A case of successful optimization and customization of spherical roller bearings

Aug 30, 2021

One of Cooper Rolling mill plant client's production line adopts helical gear transmission, and the bearing adopts 241 series spherical roller bearings. The dimension is 480*790*308mm. It is a large bearing. During the use of this reducer, the bearing life is short and easy to damage. 

Original bearing structure and operating conditions

The fixed end bearing of the high-speed shaft of this reducer uses 241 series CA type spherical roller bearings. The bearing consists of an outer ring, an inner ring, rolling elements, CA cage and a fixed middle rib. In the meantime, the plant use spherical roller bearing with a split steel cage, with a life of about 4 months, and the failure mode was the fracture of the bottom of the steel cage.

Failure analysis

After analysis, it is believed that failure reasons are as follows:

1）Since the reducer adopts helical gear transmission, the bearing is installed at the fixed end of the drive shaft, and the bearing bears a relatively large axial force. The 241 series of spherical roller bearings are designed for the original purpose and applications, mainly to withstand large radial forces, but the axial load carrying capacity is relatively weak.

2）There has been a single row loading situation. The clearance of this type of bearing is bigger than 0 and the ratio of axial force to radial force is large to a certain extent, and the following situations occur: Fa/Fr＞tanα, where: Fa is the axial force; Fr is the radial force; α is the contact angle . At this time, in theory, there will be a single column loading situation. When the single row of rollers is loaded, the unloaded rollers will slip, which will cause the risk of damage to the bearing during operation.

3）Single row load makes the roller speed difference on both sides, the running speed of the cage is different, and the loaded row speed is higher, which has higher requirements for the performance of the cage.

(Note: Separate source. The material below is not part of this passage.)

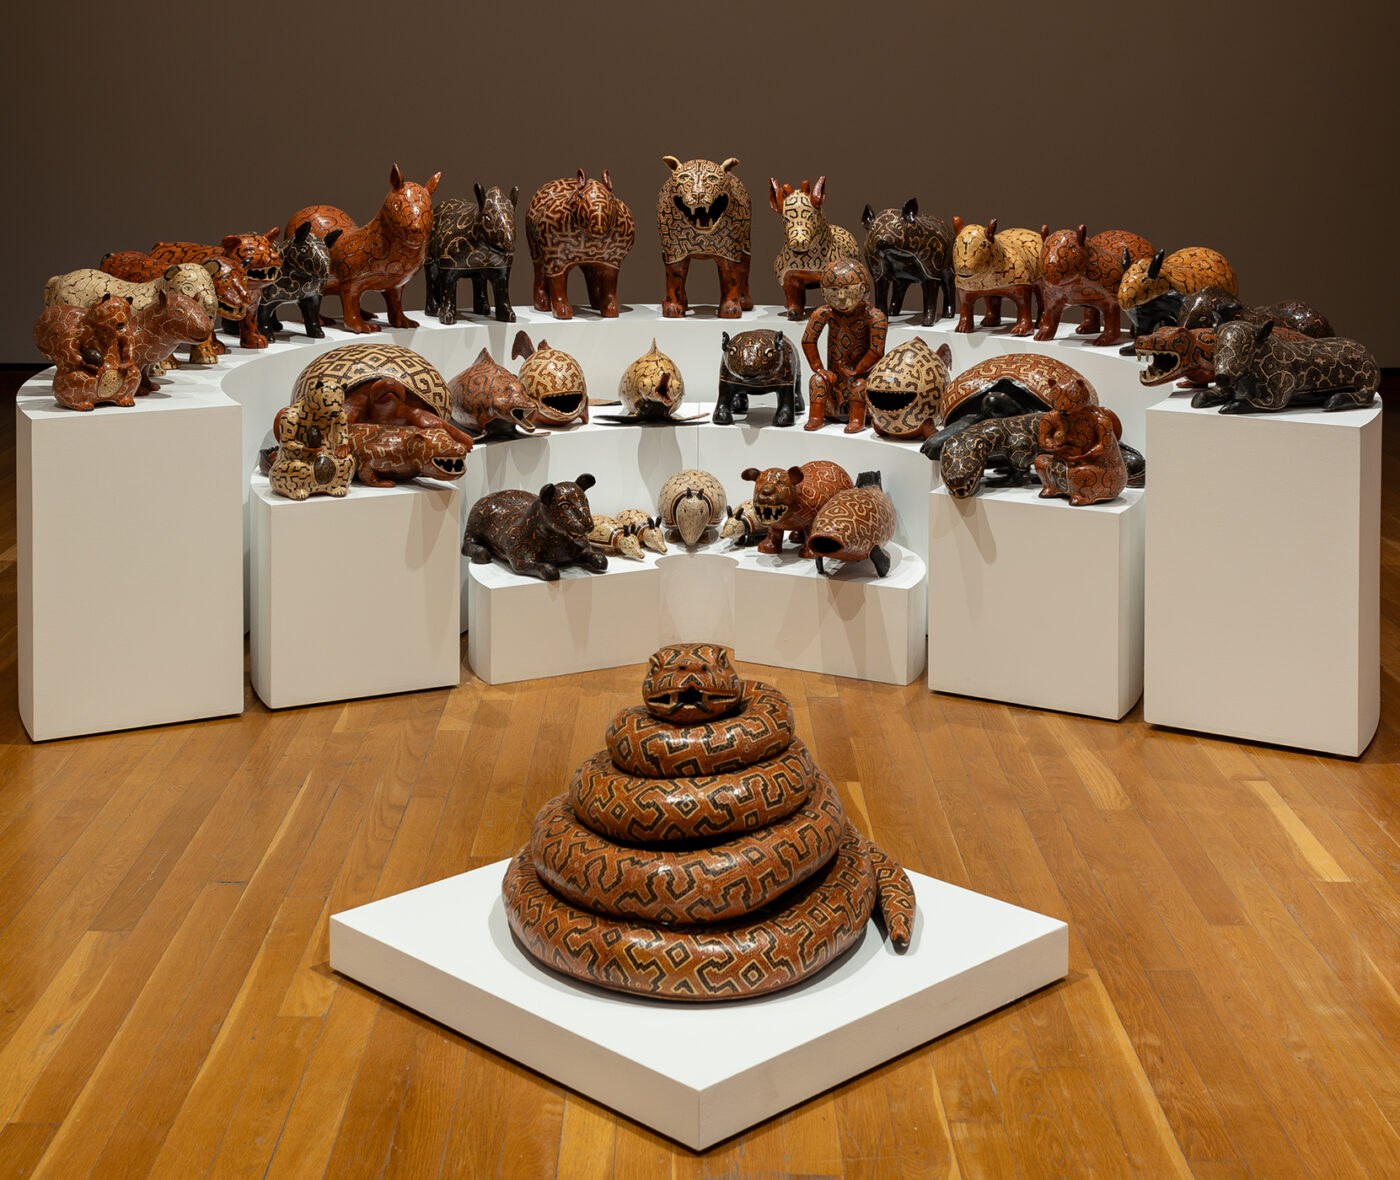 Four rows of different ceramic animal figures
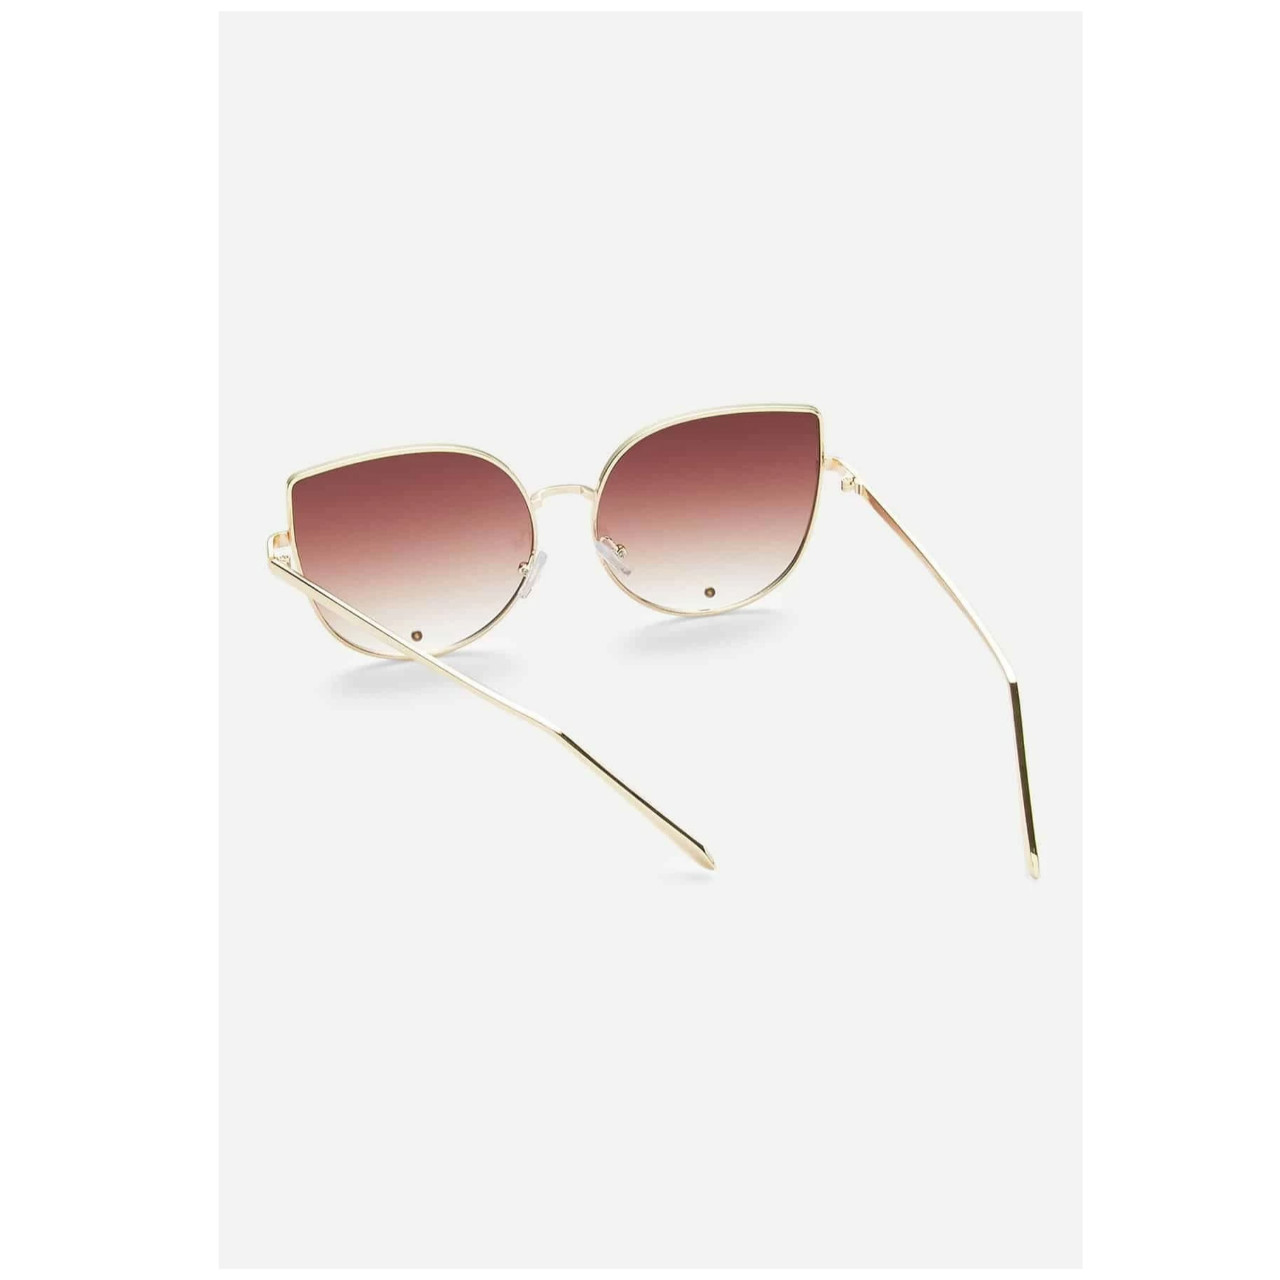 Gold frame brown cat eye stylish sunglasses

4) Due operation, the vibration is large and there is a large impact load, so that the cage can withstand a large impact force, and the cage is not enough to bear the vibration and impact force.

Solution

In view of the above working conditions, without changing the bearing dimensions (installation position limitation) and bearing capacity, increase the thickness of the cage to enhance its bearing capacity. The specific design optimization plan is as follows: 

(1) The split carbon steel cage is used to replace the brass cage. The material is 20 steel. The relevant size of the cage is increased to enhance its strength and bearing capacity.

(2) Increase the tooth width of the cage, keep the roller diameter constant, and reduce the number of rollers. Due to the complicated bearing forces in the working conditions, in order to ensure that the rollers have sufficient bearing capacity, the solution of reducing their diameters is not advisable. It is determined that the number of rollers is reduced to 20.

(3) The roller length is reduced from the original 128 mm to 120 mm to increase the cage beam width. Due to the shortening of the rollers, attention should be paid to the L1 dimension of the outer diameter of the cage. If it is not selected properly, the rollers will easily fall out of the cage during assembly. In this example, L = 105mm, α = 13°, L1 is 90 mm, and the value is appropriate after installation and testing 

(4) Cancel the fixed middle retaining edge and adopt the movable middle retaining ring. The main difference between the movable retaining ring and the fixed retaining rib is: When the bearing is running, the fixed retaining rib cannot be moved axially, but it guides the rollers well. When bearing the axial load, the load of the two rows of rollers cannot be adjusted, which will easily cause the single row of rollers to be stressed or cause stress concentration. During the movement, the retaining ring can move axially to compensate the left and right. When the bearing is bearing the axial load, the load of the two rows of rollers can be adjusted to make it evenly loaded and avoid stress concentration. If there is no movable retaining ring, its function is assumed by the cage.

(5) The outer dimensions of the bearing and the wall thickness of the ring remain unchanged to ensure installation. Other technical requirements are in line with current national and industry standards, such as shape and position tolerances, heat treatment, flaw detection and testing methods.

The improved bearing has been installed and used for more than one year, and there is no failure at present.